Oh, Easter! You ruin everything. You ruin everything so much that I can’t even figure out how to write about you. I want to believe. I want to not believe. Your four stories don’t line up, even the gospel writers don’t know what to do with you. You’re very confusing.
And Easter is confusing. We’ve barely come to terms with the death of Jesus, when we’re told he’s not dead. And wut? And we’re to believe this so easily? The Church and the culture and the story and the what? No. But. And we try to deal with this and we fail. And every year we try and fail.
And in the midst of Easter, will we let ourselves to try again, to fail better? We must try again, to fail better. I can’t go on. I must go on. We can’t go on. We must go on.
Can we take Easter so easily? And merely cry out “The Lord is risen!”? If we do, then we’re deluding ourselves.
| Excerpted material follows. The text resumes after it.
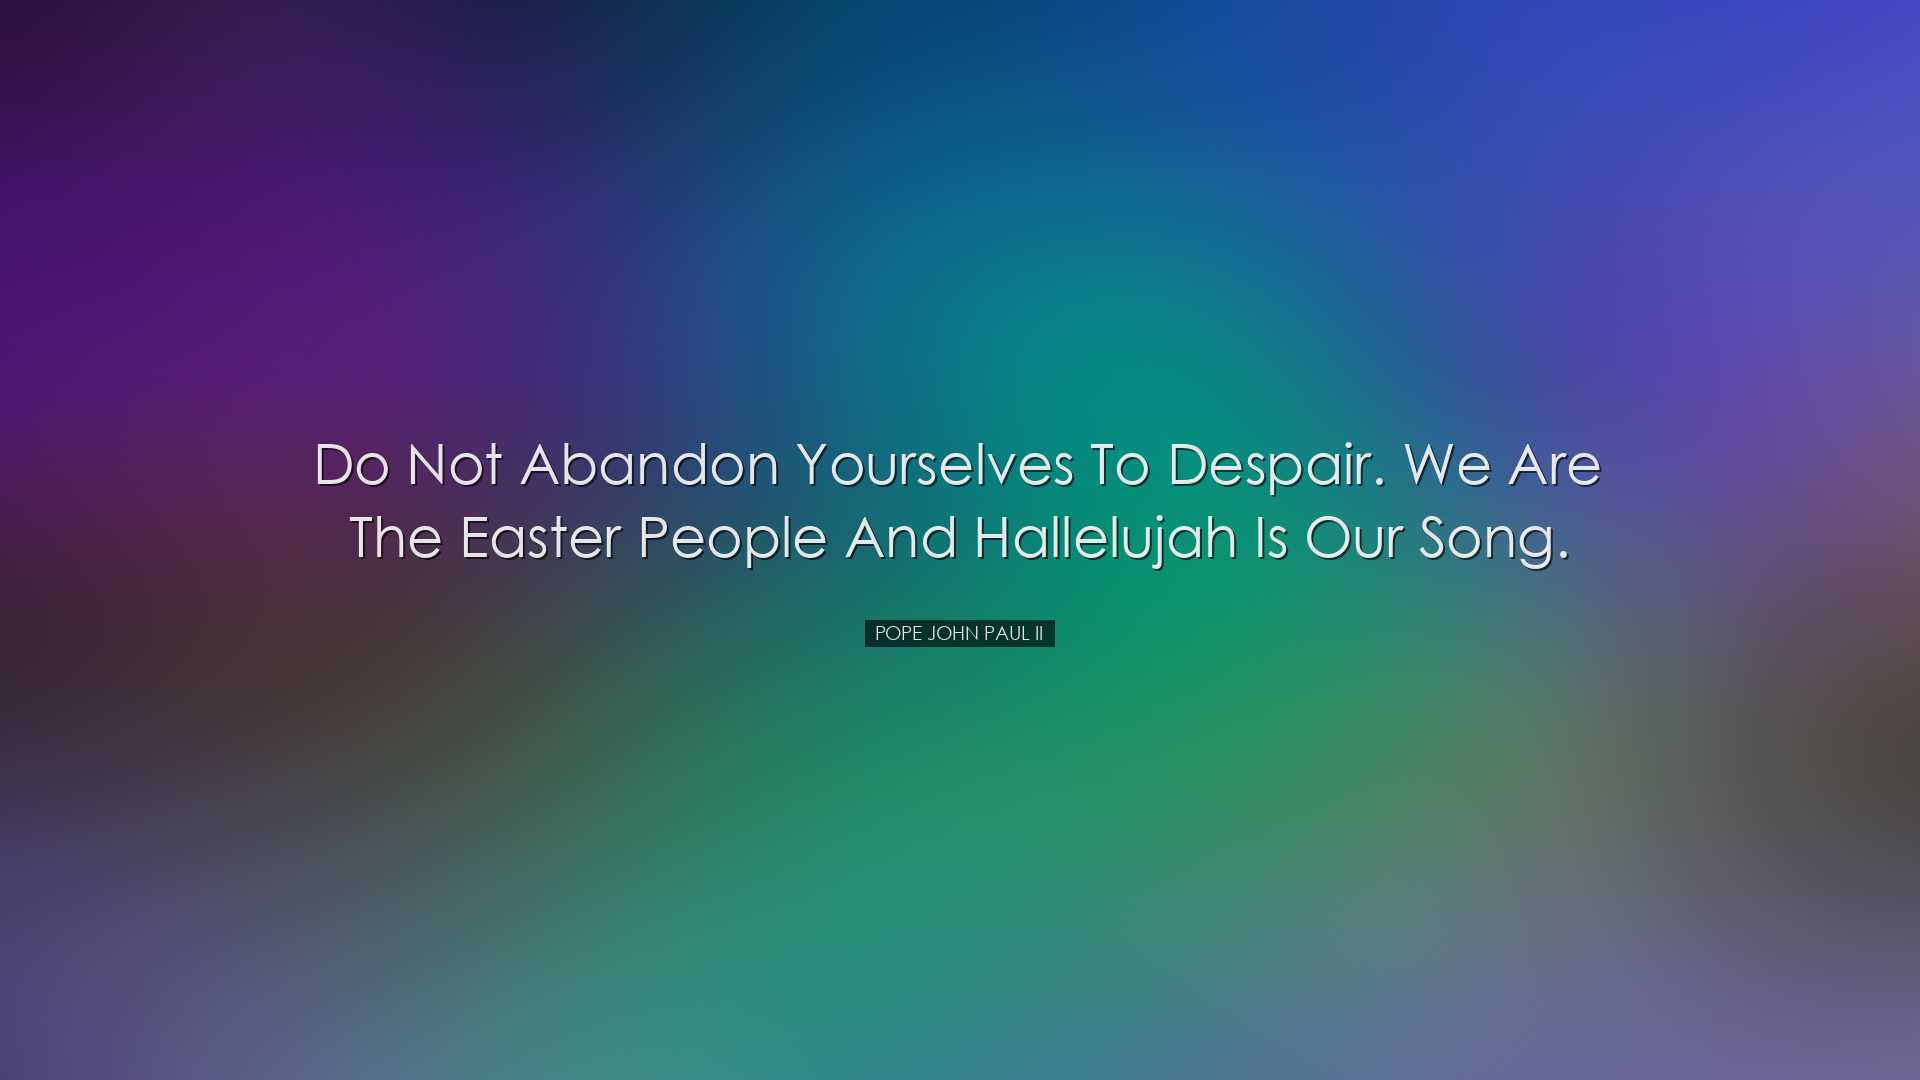 Do not abandon yourselves to despair. We are the Easter people and

Easter is difficult. It is wonderfully difficult. Its reality, its fantasy, its myth, its story. It is difficult to write about. It ruins everything. It ruins all and every expectation. Good Friday may be be absurd, but Easter is even more. It’s amazing. I cannot fathom it. We have hope for hope. And the empty tomb and the conflicting, messy resurrection stories offer a strange kind of hope.
Perhaps, we can even always look on the bright side of life.